Data excerpts
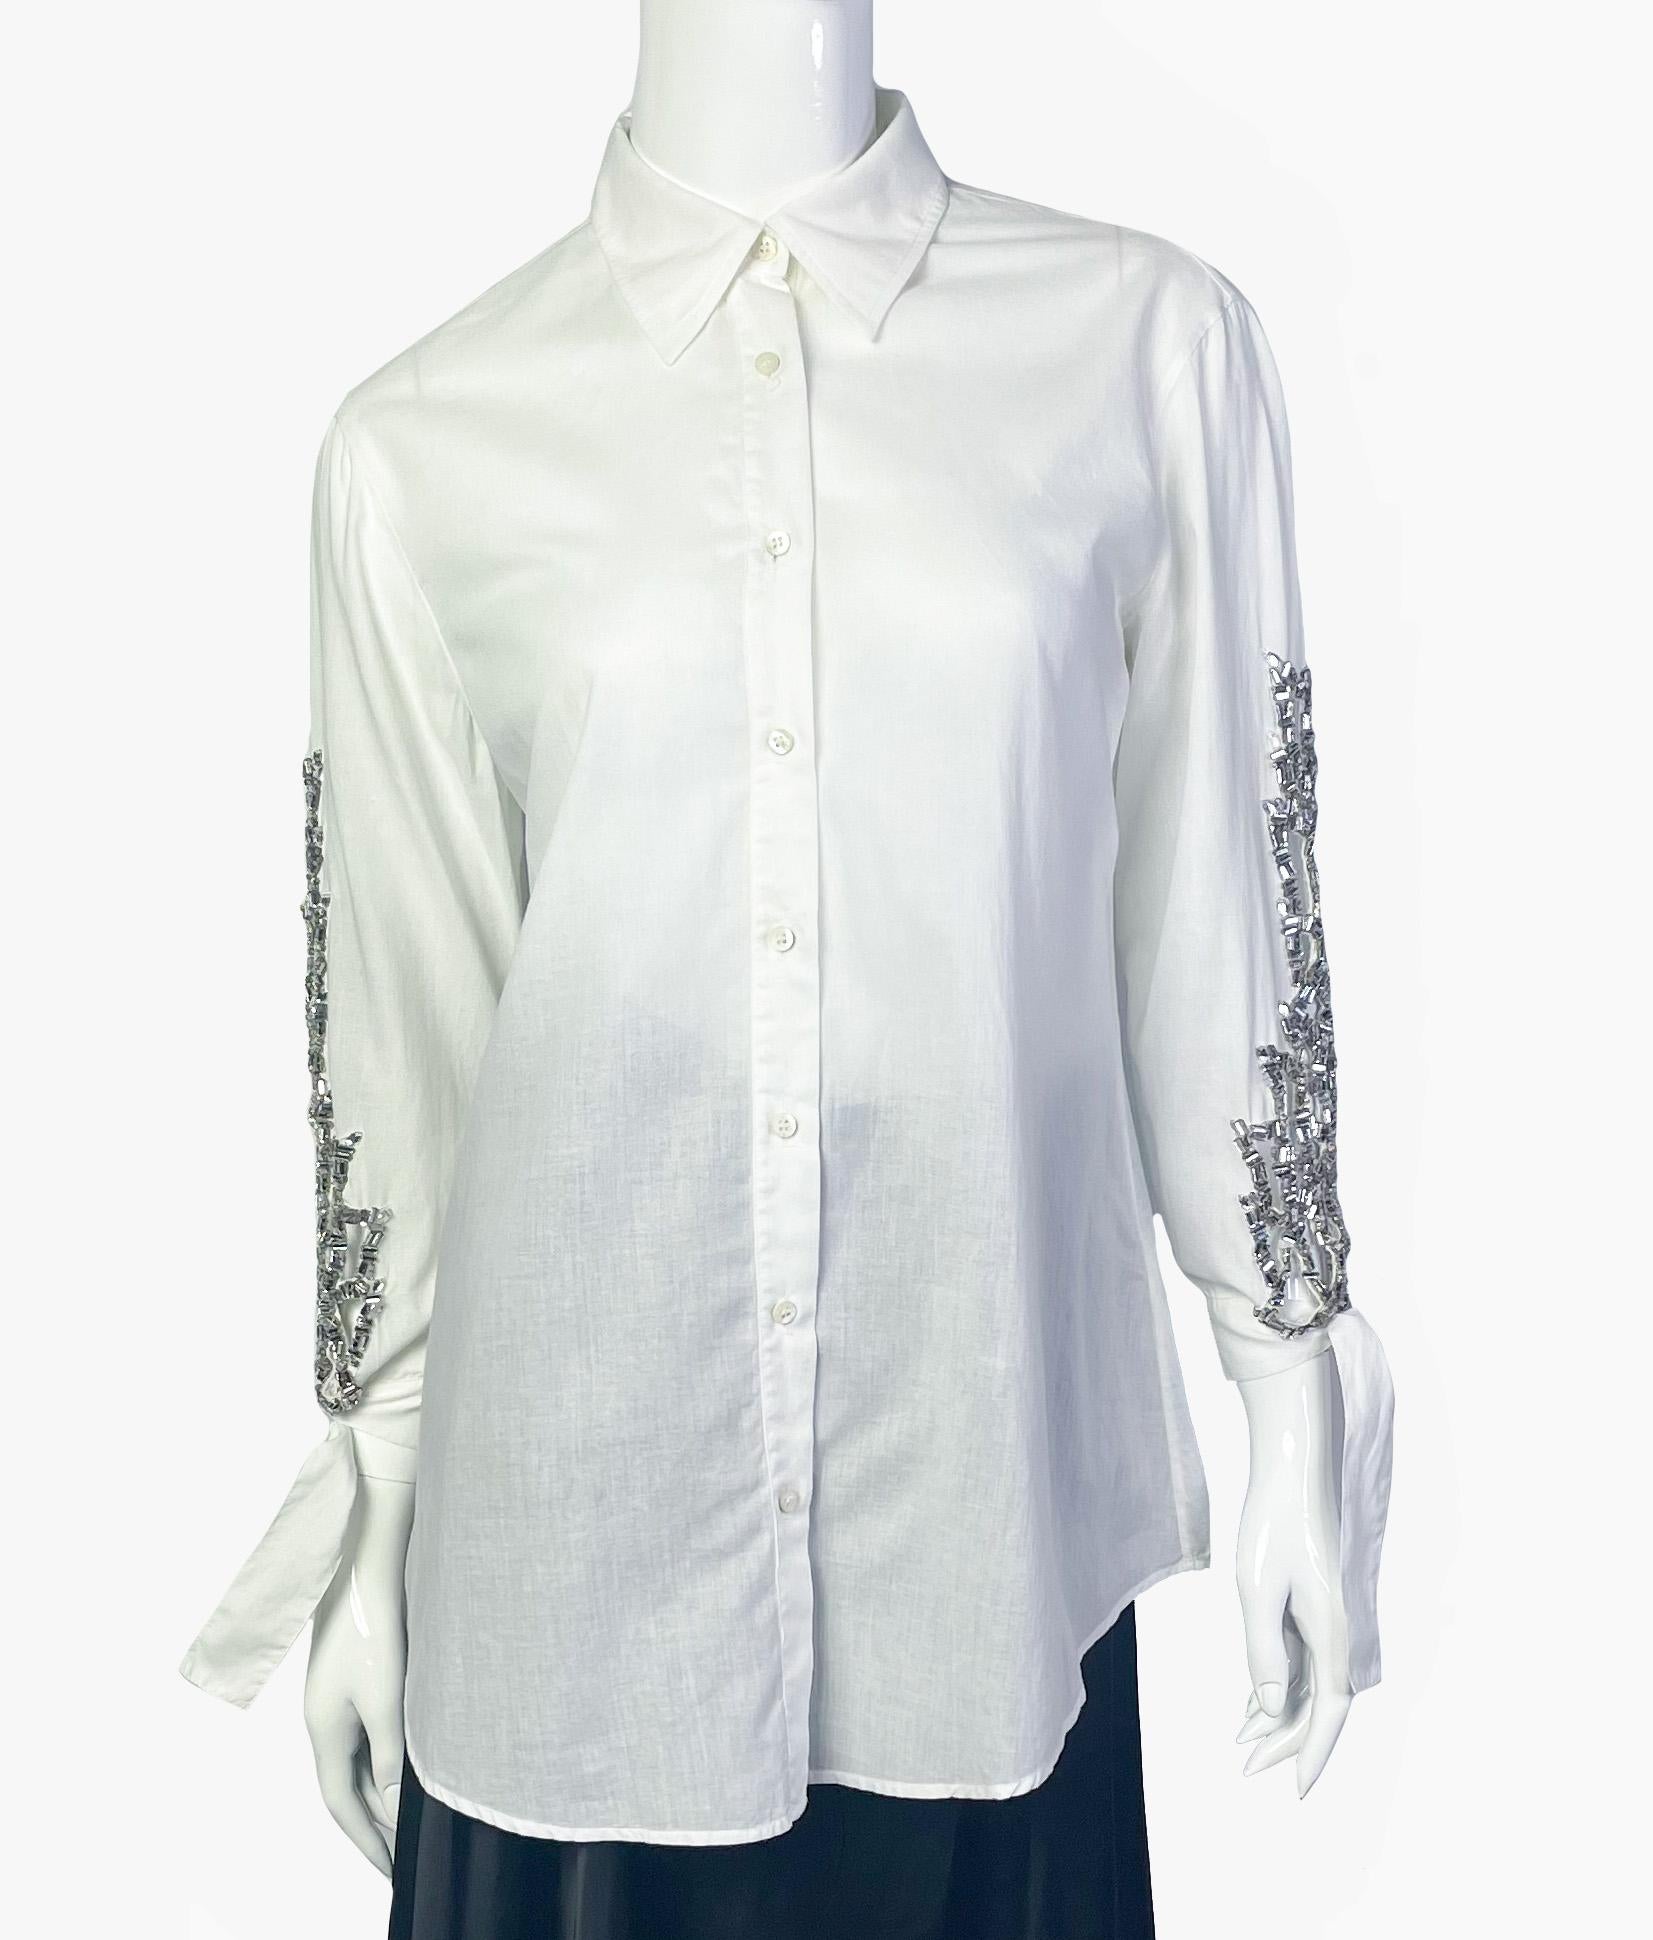 Roberto Cavalli button-up top with rhinestone appliqué on sleeves

Period – 2004

Size – XS-S

Length – 67,5 cm

Sleeve - 50 cm

From armpit to armpit – 48 cm

Waist – 84 cm

Fabric – 100% cotton

Condition – very good

........Additional

- _WHAT THE TASK REQUIRES_
Write out exactly the lines from the line holding "Size – XS-S" through the last line of the data, and nothing besides those lines.

- _EXERCISE SOLUTION_
Size – XS-S

Length – 67,5 cm

Sleeve - 50 cm

From armpit to armpit – 48 cm

Waist – 84 cm

Fabric – 100% cotton

Condition – very good

........Additional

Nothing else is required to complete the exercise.